Esta semana, la Casa Blanca envió al departamento de Estado sus evaluaciones sobre el narcotráfico global y México, como en todos las últimas décadas, está en la lista de los principales productores, introductores y comercializadores de drogas ilegales en la Unión Americana. El informe es particularmente duro con Venezuela, a cuyo gobierno, encabezado por Nicolás Maduro, acusa de ser parte más del entramado del crimen organizado. Con México, al que califica junto con Colombia de “socios claves” en la lucha contra el narcotráfico, el informe es mucho más benevolente, pero destaca un punto: pide al gobierno intensificar los esfuerzos contra el narcotráfico y sobre todo detener y juzgar a los capos de esas organizaciones criminales.
Ese es el reclamo que con mayor insistencia se le hace al gobierno mexicano. Hablar de una guerra fue y es un error, pero eso no significa que a los grupos del narcotráfico no se los deba golpear y a sus líderes someter y enjuiciar. El no hacerlo empodera a los criminales, que cada día se atreven a acciones que en el pasado no realizaban: lo que vemos hoy en Michoacán, en Zacatecas, Guanajuato, Chiapas, Tamaulipas, Jalisco, en muchos otros puntos del país, responde a esa lógica. Donde se ha roto esa inercia y se ha golpeado a los grupos criminales y se ha detenido a sus líderes, utilizando fuerzas federales y locales, como en la ciudad de México, es donde mayores éxitos ha habido contra la inseguridad. Eso lo sabe perfectamente, por ejemplo, Rosa Icela. Y esa lección no parece aprehenderse.
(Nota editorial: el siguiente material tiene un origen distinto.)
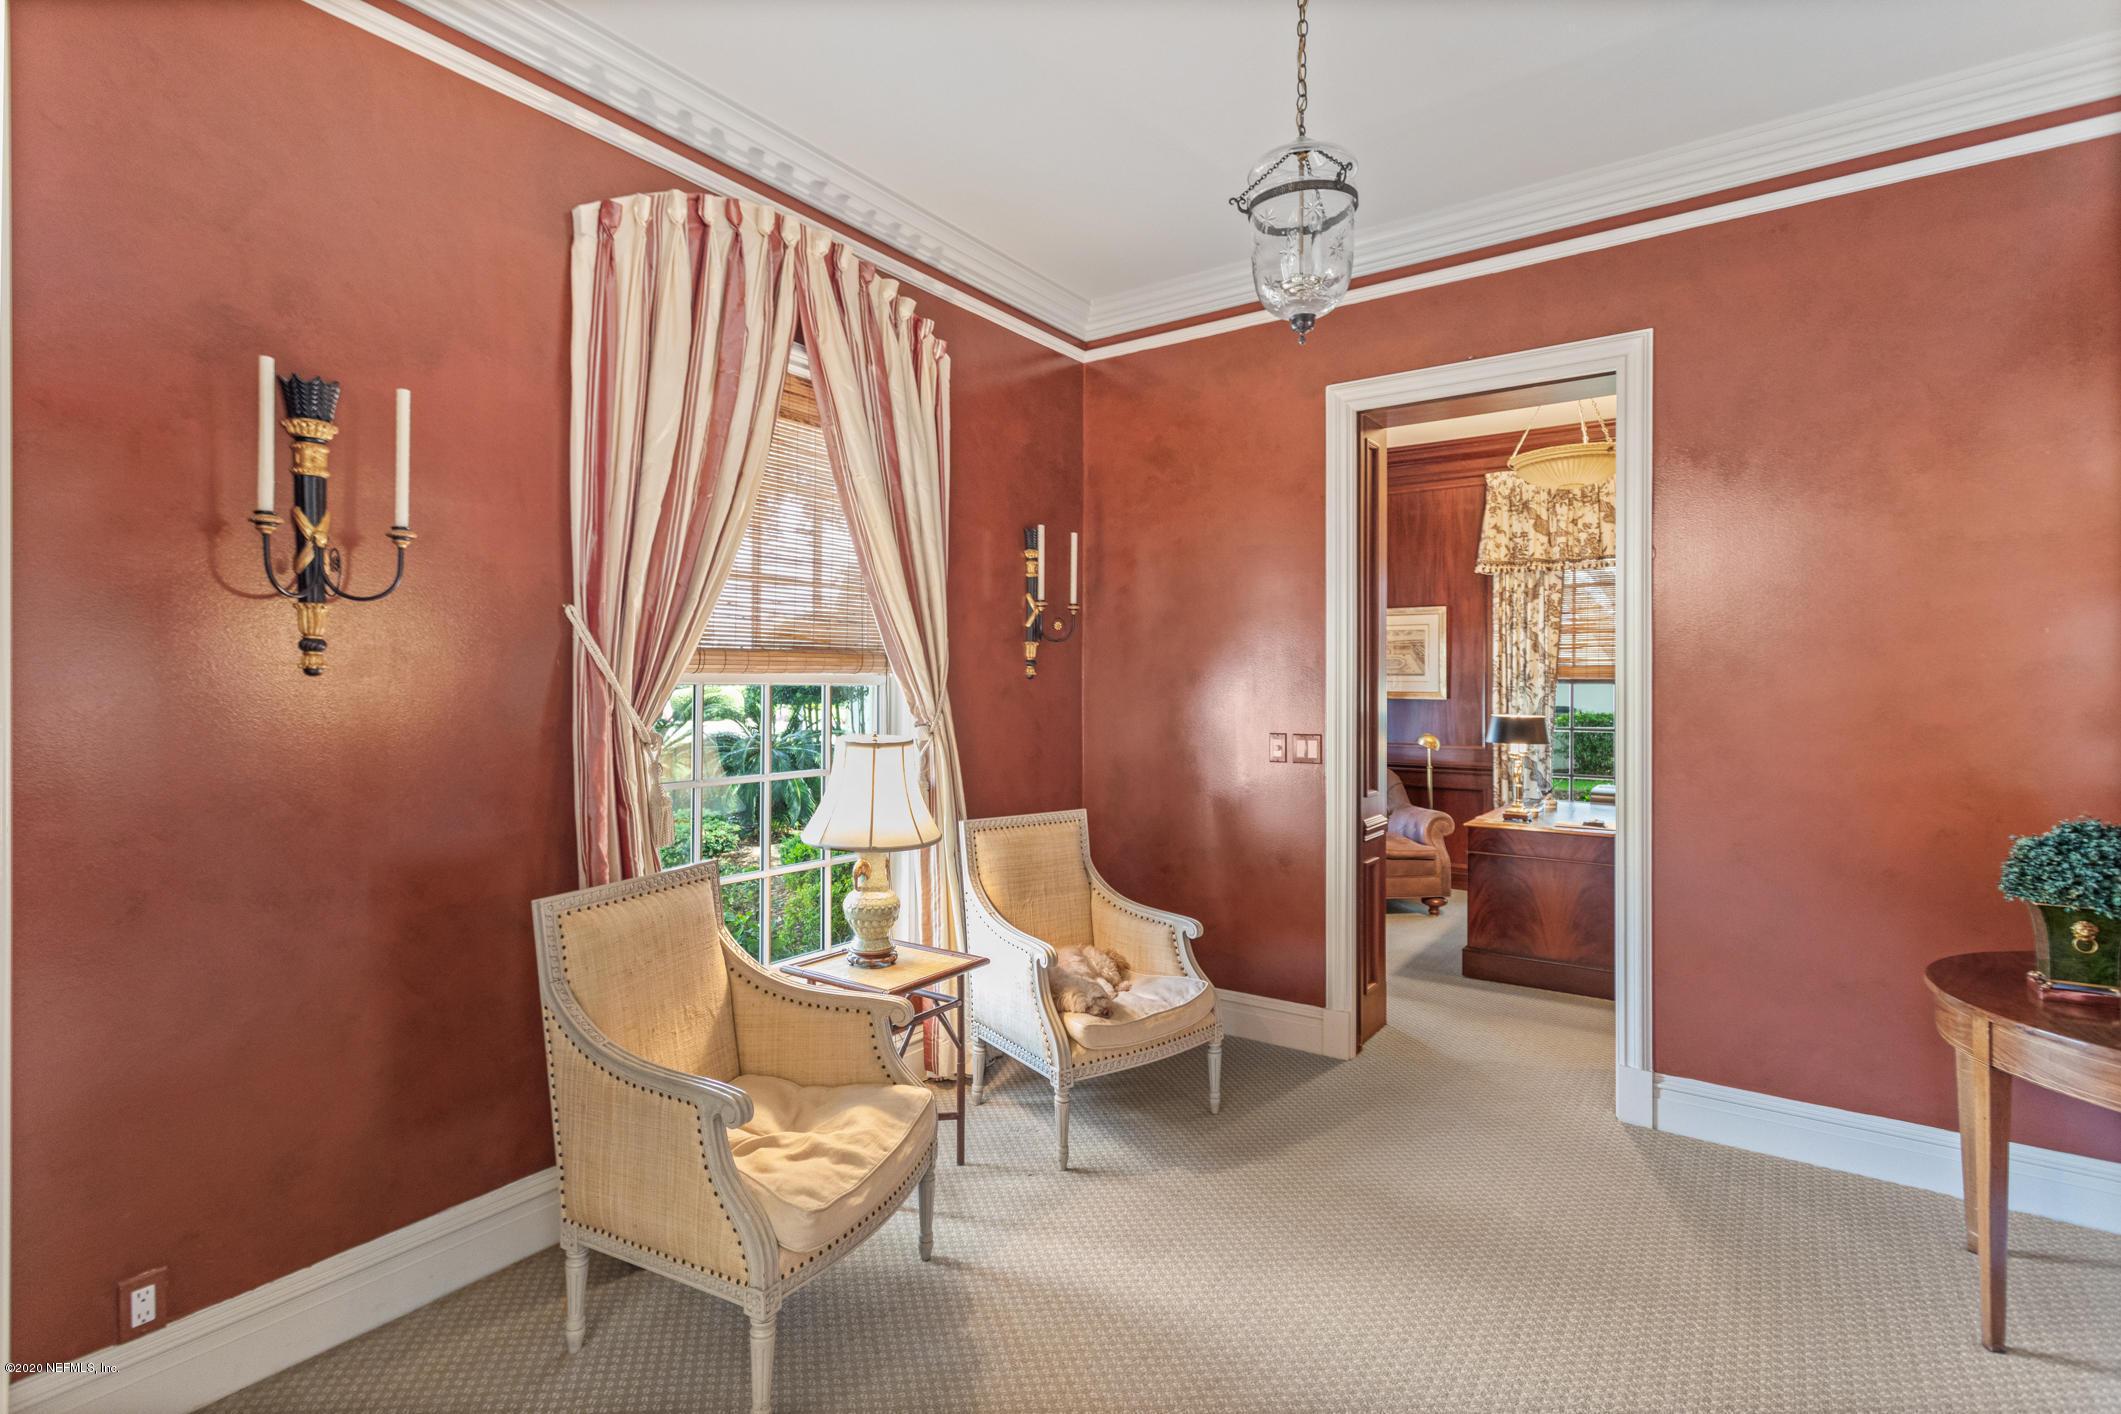 121 SEA ISLAND, PONTE VEDRA BEACH, FLORIDA 32082, 4 Bedrooms Bedrooms, ,3 BathroomsBathrooms,Residential,For sale,SEA ISLAND,1053032

Tuvo razón la senadora Téllez en exhibir esa situación y eso dolió en el oficialismo, pero sobre todo dolió porque no hubo refutación más allá, como decíamos, que recurrir a los insultos. Pero también se equivocó Lilly en calificar a militares y Guardia Nacional de “edecanes”. No lo son, al contrario, en muchas ocasiones son las víctimas (en el sentido más estricto de la palabra) de una estrategia diseñada por autoridades civiles. En lo que va del sexenio han sido asesinados unos mil 300 militares y policías. No sólo eso, militares y policías muchas veces son penalizados cuando reaccionan utilizando la fuerza, incluso en hechos muy comprensibles. Un ejemplo: hay 23 elementos de élite de la marina detenidos en el campo militar número uno porque fueron acusados de matar a un narcotraficante en Tamaulipas, acusación realizada por los familiares del victimado. Están presos desde hace meses y el proceso contra ellos ni siquiera comienza. Y son miembros de élite de la marina.
Hay que ser cuidadosos con las palabras, porque las palabras cuentan: la Guardia Nacional o las fuerzas militares abocadas a la lucha contra el crimen son instrumentos, de enorme utilidad y muy buen diseño. Pero su efectividad, como todo instrumento, depende de la forma en que se utilice. El error está en la estrategia y sobre ella no se admite debate. Ese es el problema.